# Pandas Fallback


Sparkless ships with a lightweight stub that mimics the minimal slice of the
pandas API that appears in tests and documentation examples. The stub keeps the
default installation lean and avoids the heavy NumPy dependency tree. When
parity with native pandas is needed, you can opt-in to the real implementation
and compare behaviour using the benchmarking harness described below.

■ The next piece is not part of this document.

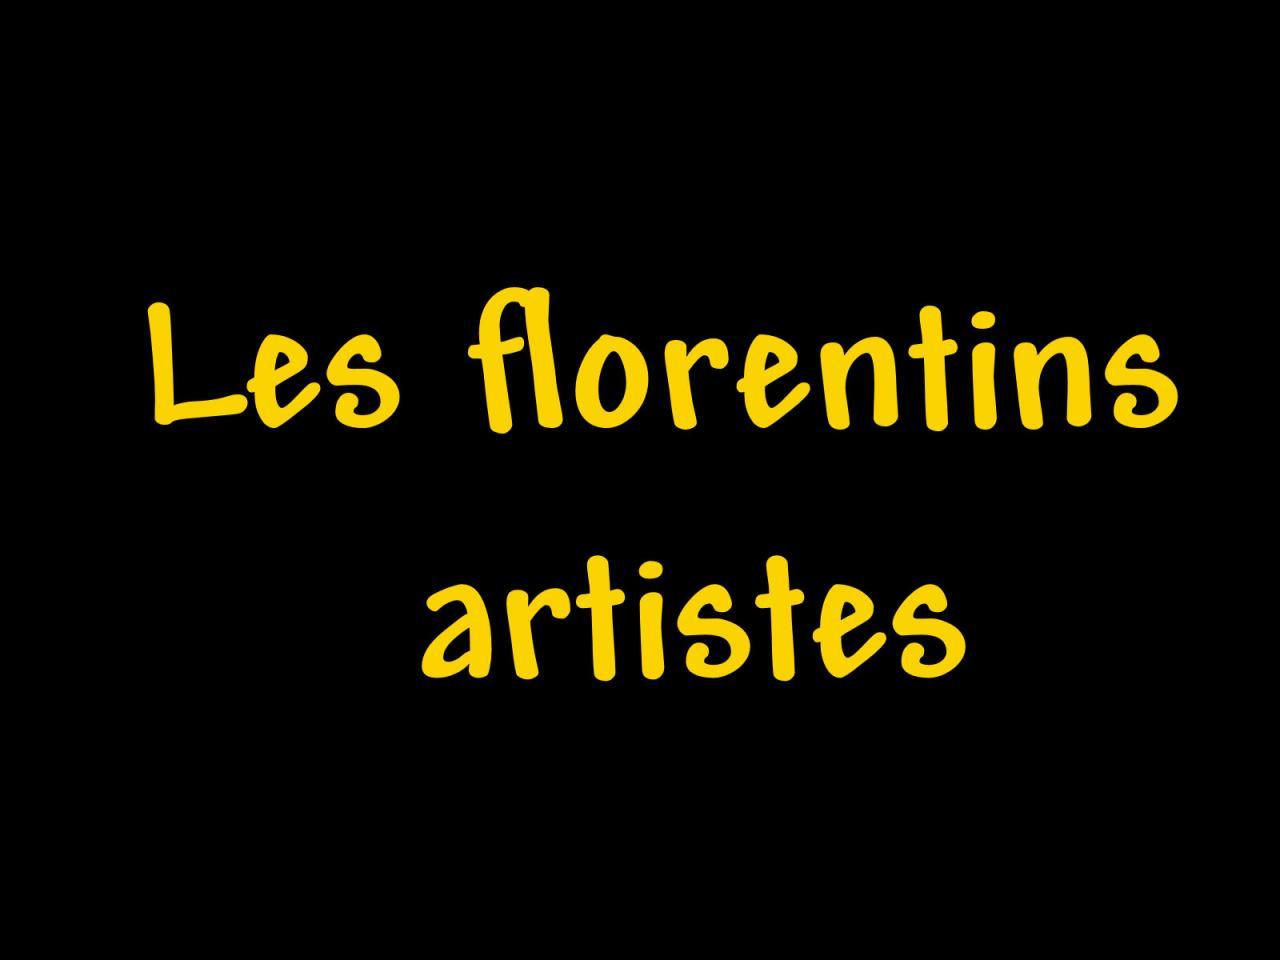 Les florentins

## Installing the Native Backend

```bash
pip install .[pandas]
```

The optional extra brings in `pandas` and type stubs only; NumPy wheels are
pulled in transitively where available.

## Switching Backends

Set the `MOCK_SPARK_PANDAS_MODE` environment variable before importing `pandas`:

| Value   | Behaviour                                           |
|---------|-----------------------------------------------------|
| `stub`  | Always use the built-in shim (default)              |
| `native`| Require real pandas; raise if it is missing         |
| `auto`  | Use native pandas when installed, otherwise fallback|

```bash
export MOCK_SPARK_PANDAS_MODE=native   # or stub / auto
```

You can also query the active backend at runtime:

```python
import pandas
print(pandas.get_backend())           # "native" or "stub"
```

## Running the Benchmark Suite

The helper script compares core operations (`DataFrame` construction, `to_dict`,
`concat`, and basic indexing) between the stub and native backends.

```bash
python scripts/benchmark_pandas_fallback.py --rows 50000 --samples 7
```

Example output (M3 Pro laptop, macOS 14.6.1):

```
Backend    | Create (mean ms)   | to_dict (mean ms) | concat (mean ms)  | iloc (mean ms)
------------------------------------------------------------------------
stub       | 4.812              | 2.337             | 3.921             | 0.118
native     | 7.604              | 1.281             | 2.017             | 0.064
```

Export raw metrics for further analysis:

```bash
python scripts/benchmark_pandas_fallback.py --output benchmark.json
```

## Interpreting Results

- **Stub strengths:** predictable performance, zero external dependencies,
  ideal for unit tests and CI pipelines without binary wheels.
- **Native strengths:** faster `to_dict`/`concat` operations on larger datasets,
  full pandas feature coverage for interactive analysis or downstream tooling.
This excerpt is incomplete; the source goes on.